Page 1 of 1

Generators An Introduction

#1 scalt  Icon User is offline

  • D.I.C Regular
  • member icon

Reputation: 63
  • View blog
  • Posts: 342
  • Joined: 22-November 07

Posted 02 November 2010 - 05:52 PM

Iteration over a group of values – be it a ‘list’, ’dictionary’, string, file, etc – is a fairly standard procedure in pretty much any programming language. This is particularly true of Python where ‘for’ loops are built on the concept of a ‘for each element in list’ style of loop rather than the traditional
 for(i = 0; i < 10; i++) 


Now imagine that instead of having to generate an entire list then iterate over it, you could just generate it on-the-fly as you iterate over it. This is what a ‘generator’ does. What does a generator look like, you say?
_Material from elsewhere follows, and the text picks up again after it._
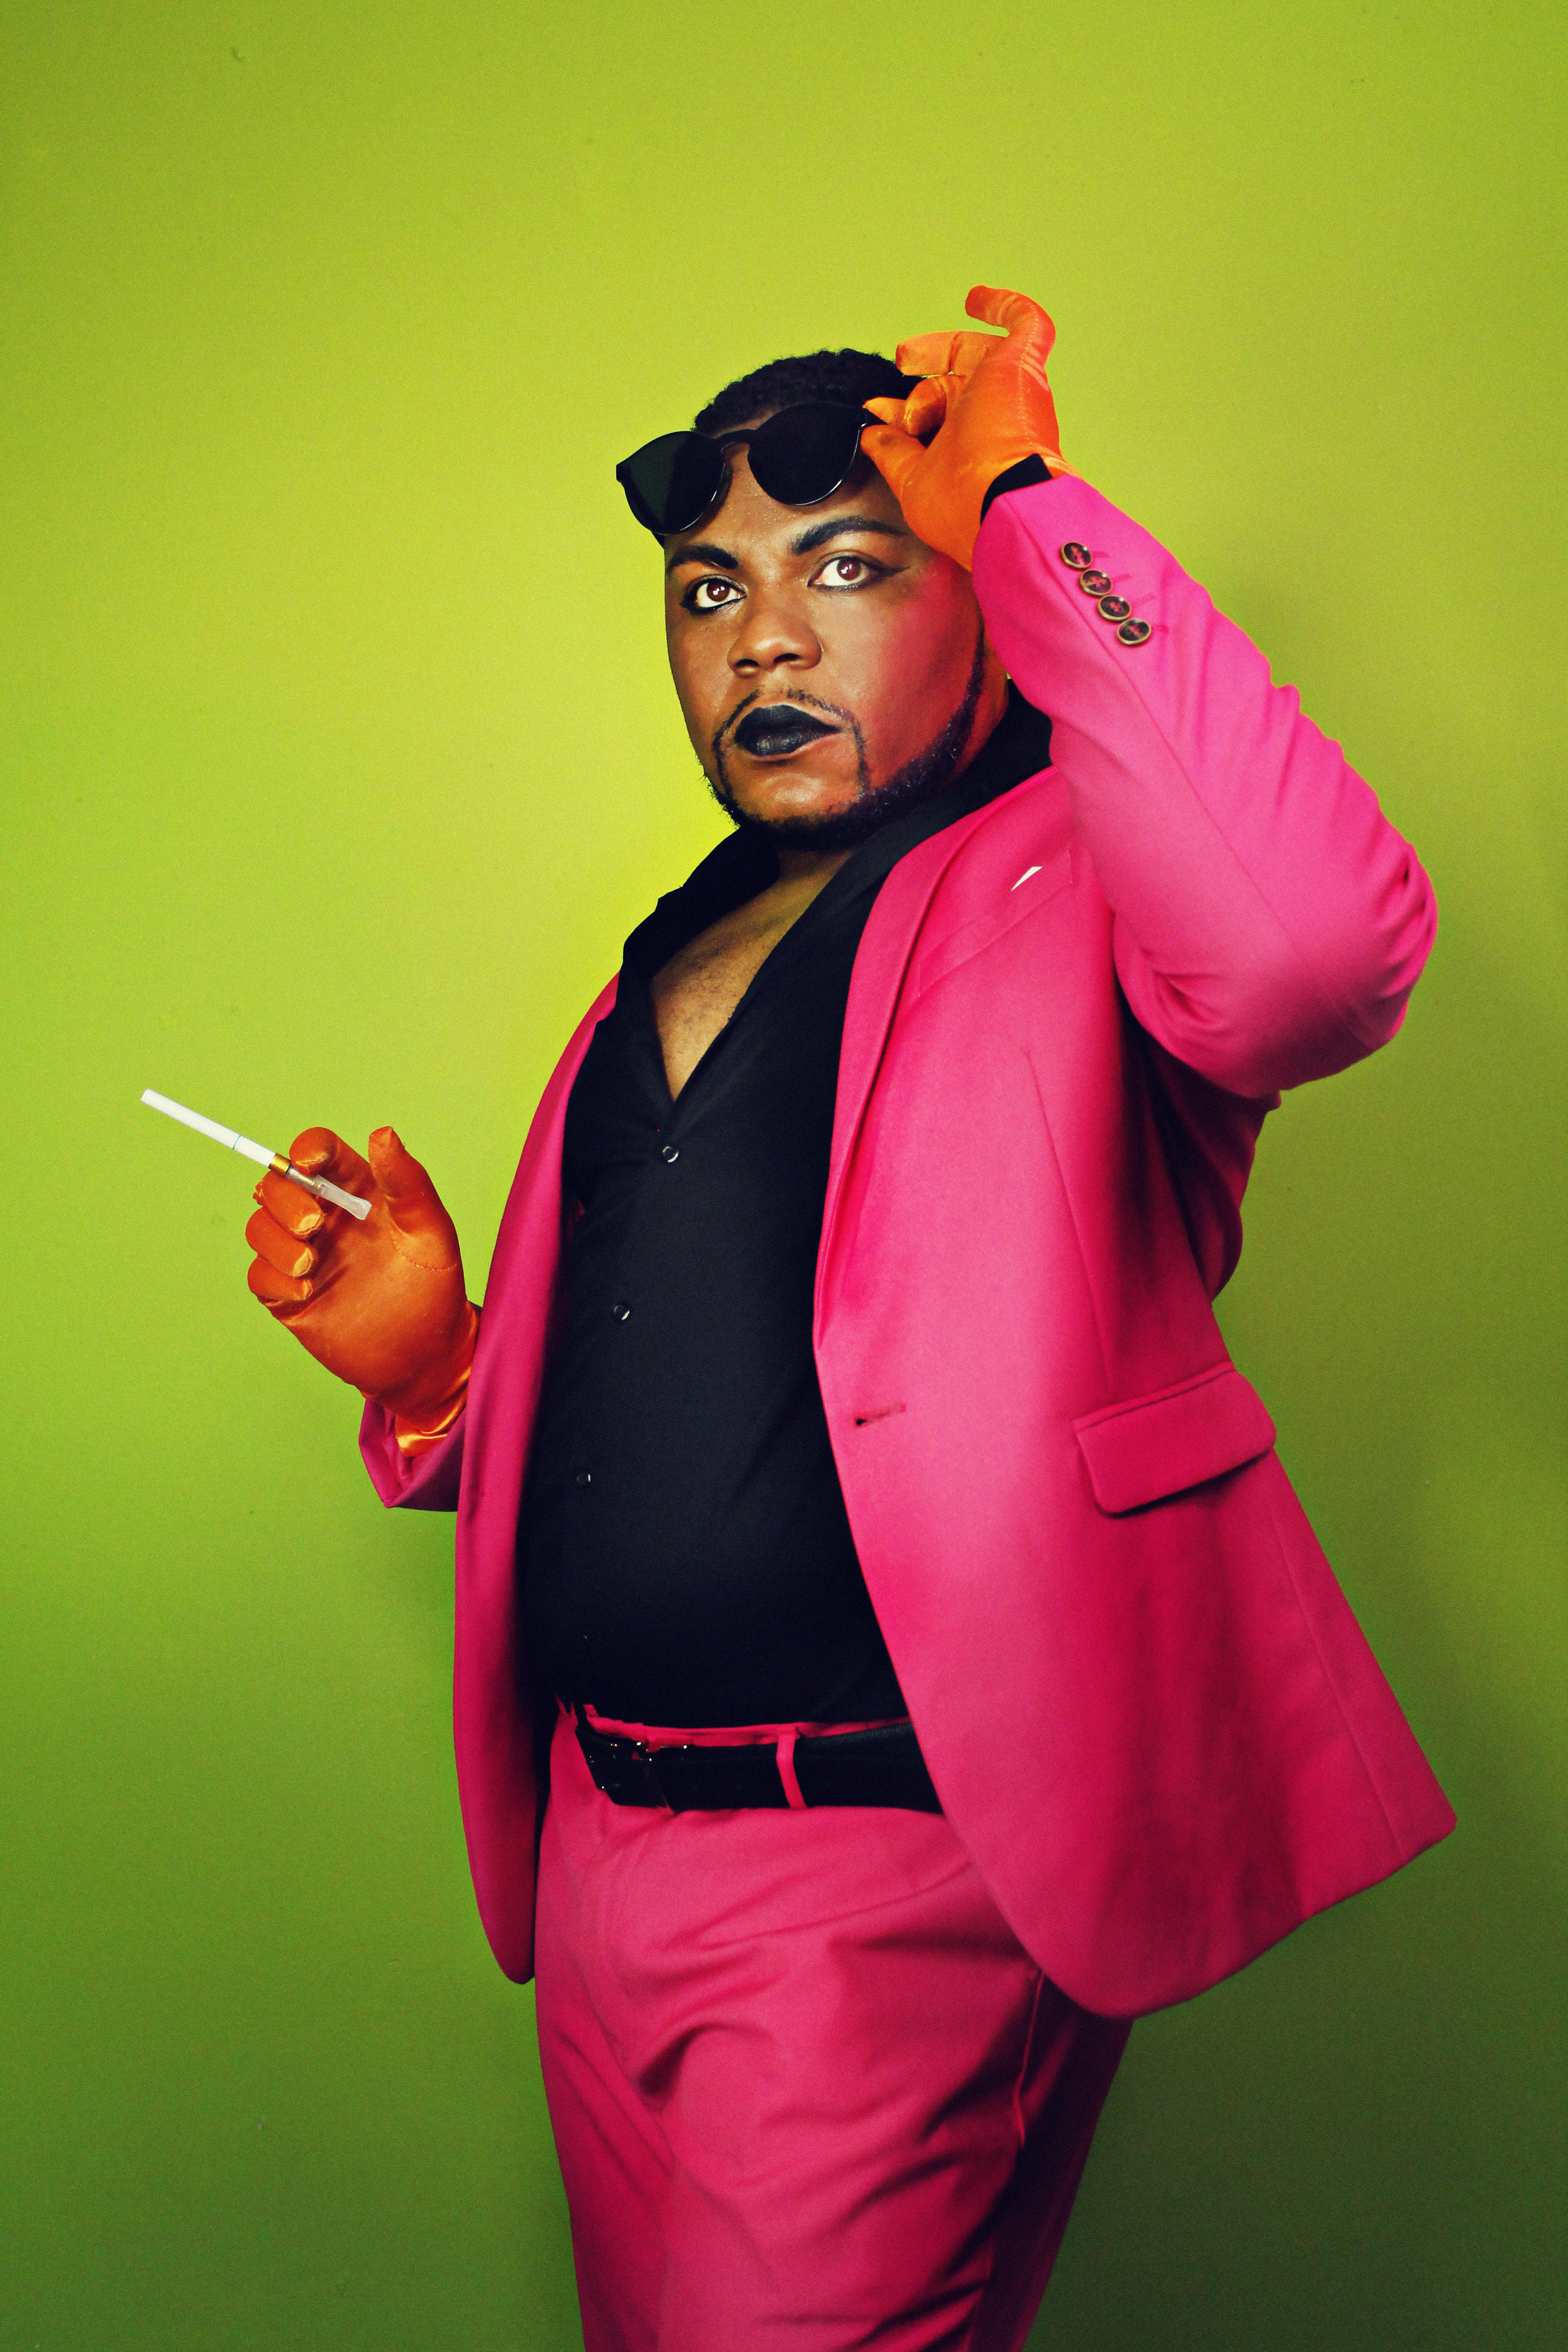 Dezi 5, against a neon green backdrop, is wearing a hot pink suit and black shirt, holding a cigarette and raising sunglasses off his eyes

Exhibit A:
def generate_range(lim):
	num = 0
	while num  < lim:
		yield num
		num += 1



called thus:

for i in generate_range(10):
	print i



giving:

	
0
1
2
3
4
5
6
7
8
9



Cool eh? Notice anything fancy about the function? Something to do with the lack of a ‘return’ statement? That’s what the ‘yield’ is for ;) . A ‘yield’ statement performs the same kind of function as a ‘return’, yet it is not terminal.

As far as you are concerned, the loop calls your function which executes as normal until the ‘yield’ bit, at which point it returns the value specified by the ‘yield’, and then pauses! This value is then assigned to ‘i’ (in the calling ‘for’ loop) and the calling loop goes about its merry way, in this case printing ‘i’. When the calling loop finishes its current iteration it goes back to your paused generator, which resumes from the ‘yield’ statement and runs until it either hits a ‘yield’ again, or reaches the end of the function. If it hits a ‘yield’ then the above process repeats itself, however if the code exits the calling loop simply behaves as though it has reached the end of a normal ‘list’ and stops, allowing the code to continue on to the next bit.

A practial example of why you may want to use this is to get a list of the contents of a directory. Instead of building your own loop each time you want to do an 'os.walk' (incidentaly this is also a generator function), you can simply make a generator function and iterate through it with a far simpler loop - really handy if you have a module you use to hold little functions like this becuase you only ever need to write it once!

Because it does things on the fly this can have performance (speed and memory) advantages because it doesn't need to read the ENTIRE directory tree into a list first. The tradeoff with this is that using a generator is a 1-way trip. There is no way to go back to a previous value unless you restart the whole thing again (or write some fancy wrapper code that stashes the values from your generator in a list).

import os

#generator
def getallfiles(folder):
    for path, dirlist, filelist in os.walk(folder):
        for fn in filelist:
            yield os.path.join(path,fn)

#useage
for fn in getallfiles('C:\\myfolder'):
    print fn



The 'for' loop here will simply go and print all the file names returned by your generator (as you can see it is looking inside 'C:\\myfolder')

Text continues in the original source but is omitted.